而内维尔是最早法律与政权分离的国家,条法跟案例法并行,但各色法律,多少都给神职人员一些特权。
而多重法系并行的后果便是,希瑟杀了路易士这件事上,哪怕是在路易士把爱德华国王谋杀的前提下,只要有证据,而且神殿决定起诉,她基本上还是会面临一级谋杀的诉讼,除非她有本事能请到类似艾美利亚·布莱克或她的学生,安朵美达·怀特那类的辩护律师想办法在第一轮交辩的时候令起诉失效。
“头疼。”艾利略当真有一种要疯的冲动,“英格丽女神在上。”
“哦。”埃莉诺没太在意艾利略说些什么——艾利略一直都是喜欢说一些没有用的语气词,而是在祈祷她跟艾利略都不在的这些日里,圣伊芙琳千万别出别的风波,提笔写了封信寄回国去。
南丁格位于内维尔最北端,永恒的冰雪之地,对于南丁格而言,没有四季,也没有日夜之说,十年里太阳永不升起,而十年黑夜之后,是太阳永不落下的另一个十年。
而现在正好是处于南丁格的十年黑夜之内。
但对南丁格而言,黑夜与否不是一个问题,因为整个国度被魔力所点亮,港口结冰,又被魔法所融化,往来船只繁忙,丝毫不受风浪冰川浮冰影响。

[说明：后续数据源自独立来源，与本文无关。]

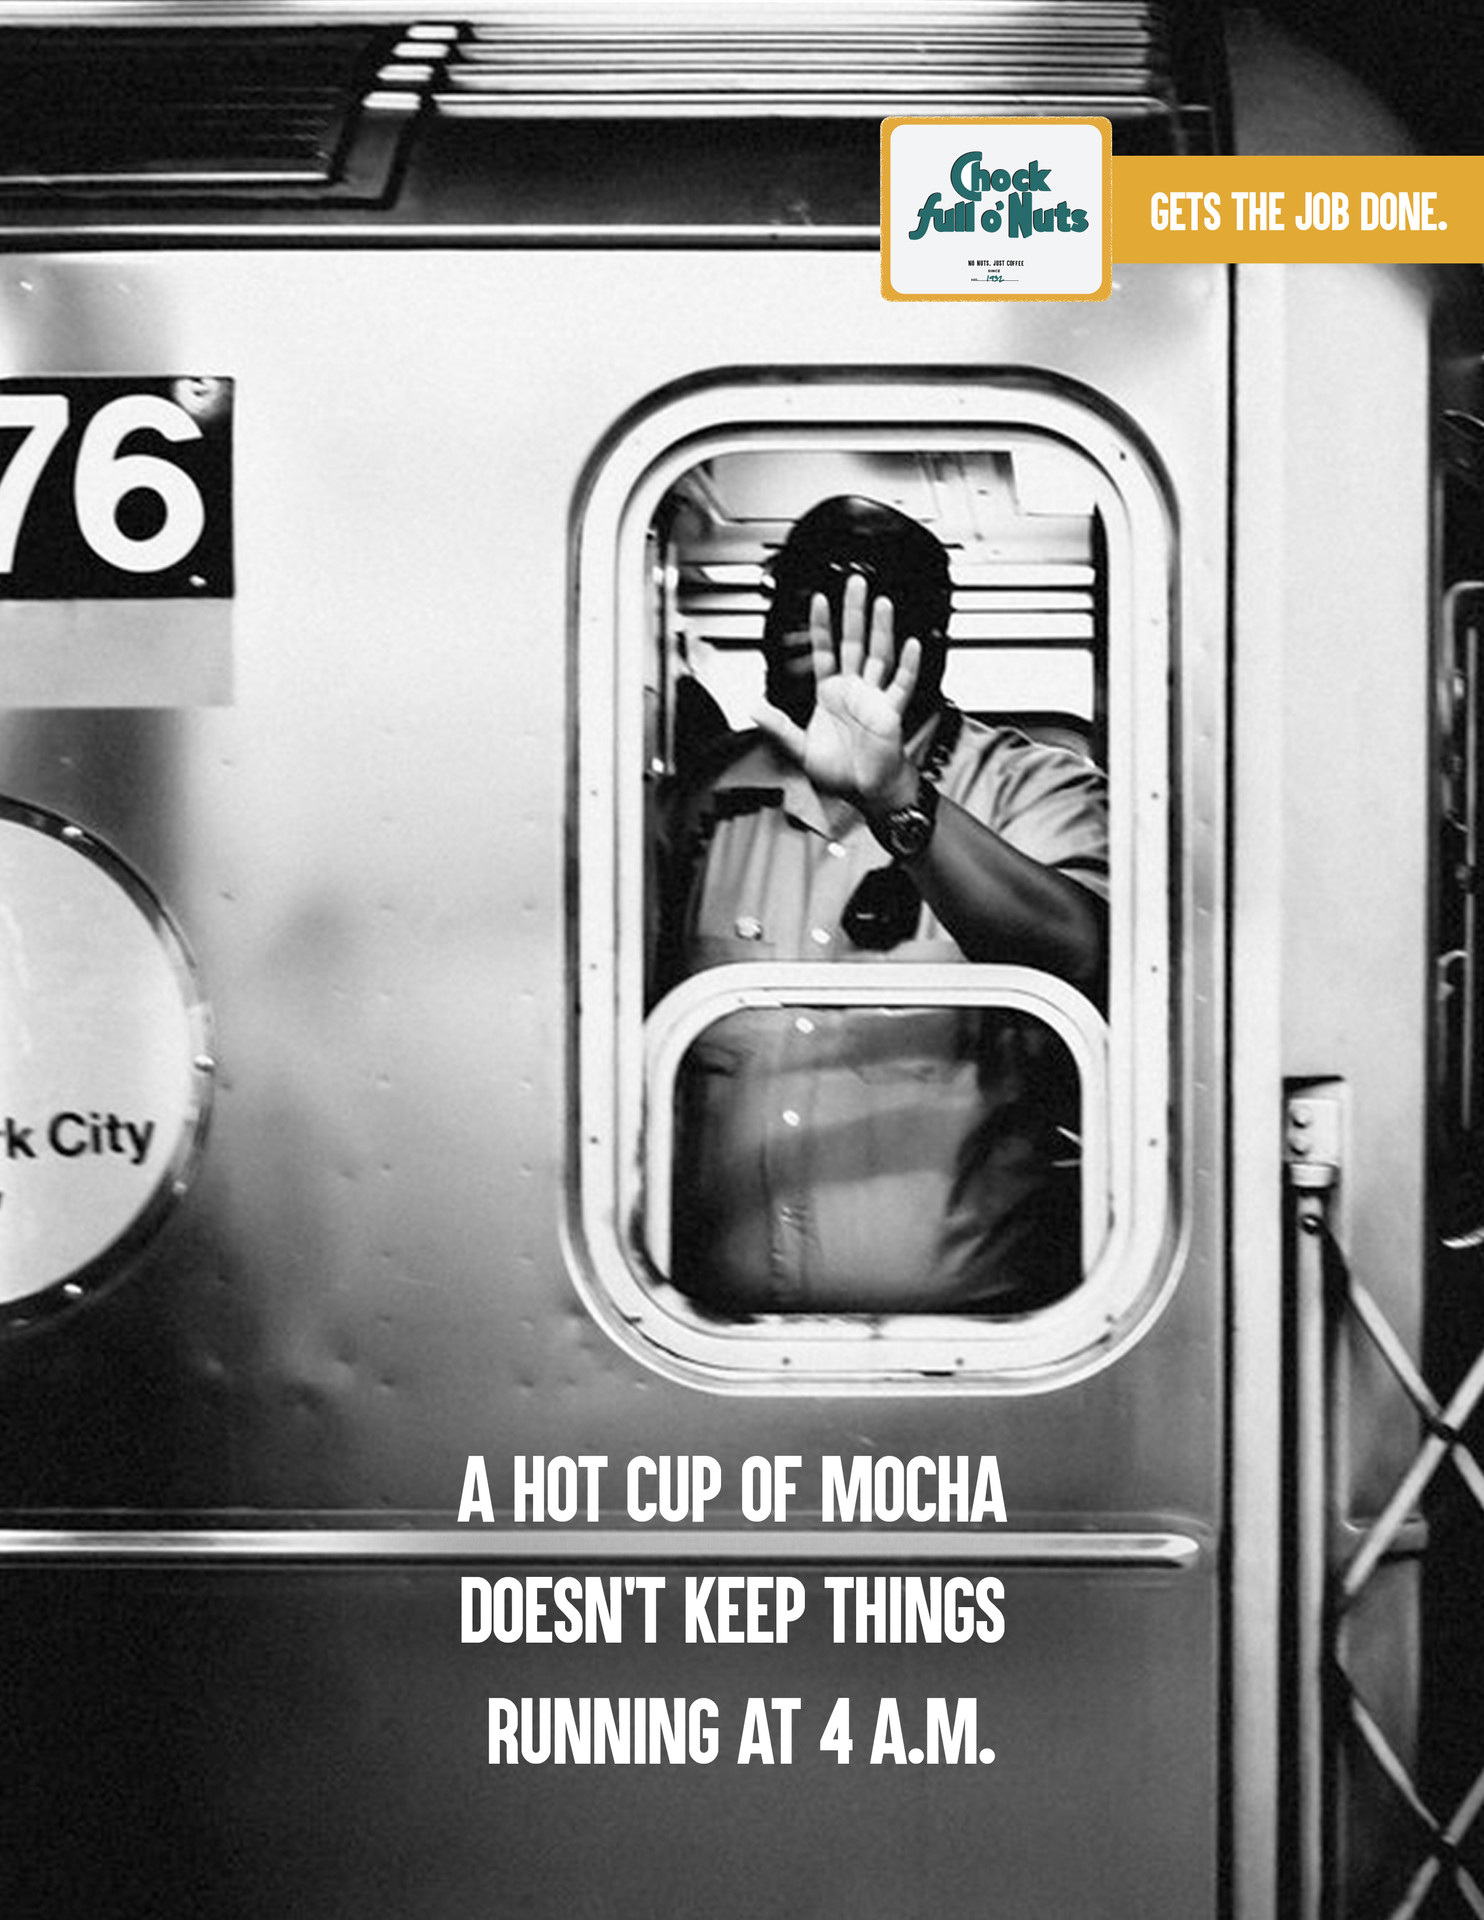 subway worker.jpg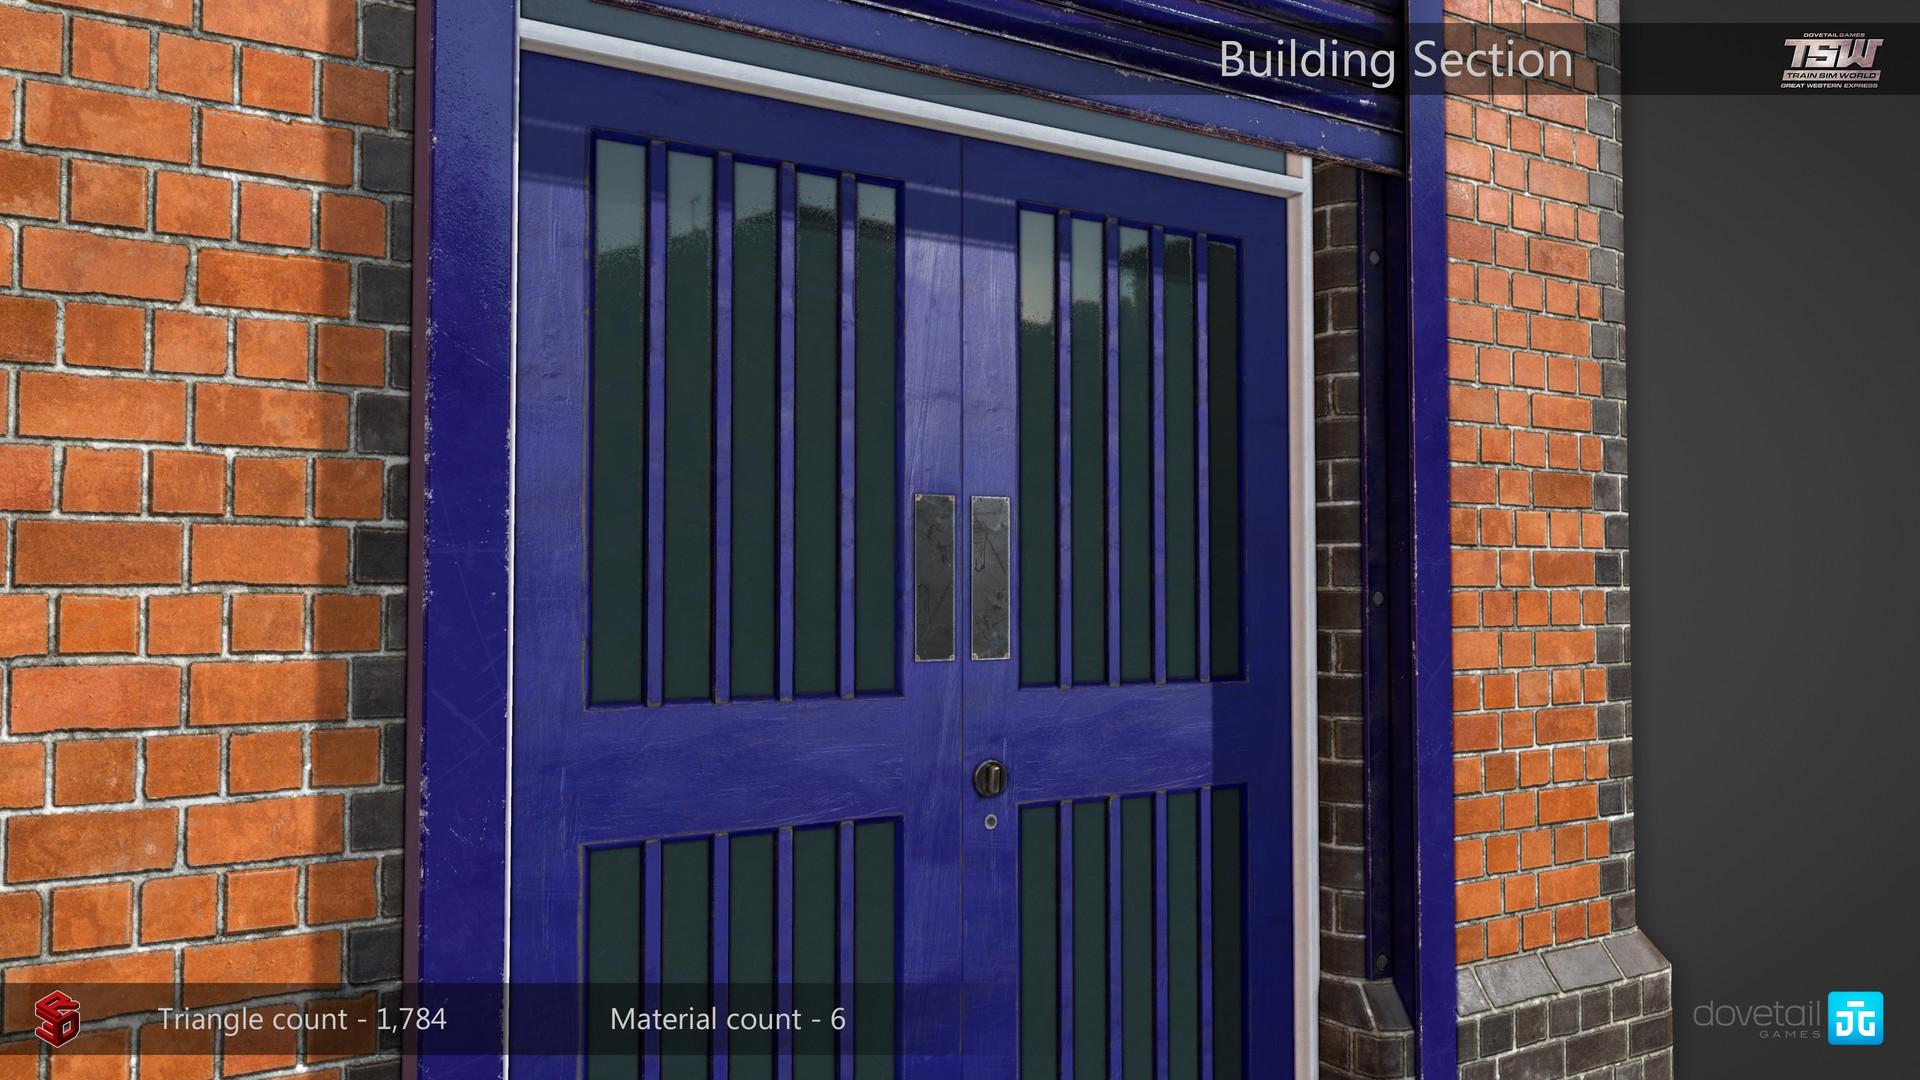 Ross mccafferty buildingsection 04

蓝色极光永远悬挂在夜空之,成为点点繁星最不和谐的一点,月亮侧巨大的白色光环分外明显。
距离贝尔兰港还有几日的路程。
“那么你的看法呢?”此时是夜里,希瑟站在甲板上,肘拄着船体的护栏,披着厚厚的貂裘,她仿佛是在看着无边无际的海浪,但细看,确实在跟安妮说话。
安妮手里捧着一个银盆,那叉不停的搅拌着,没有回答希瑟的问题。
希瑟盯着安妮看了半天,但后者的精力全在她的手里,最后希瑟忍不住,问道:“你这蛋清还没有打发?”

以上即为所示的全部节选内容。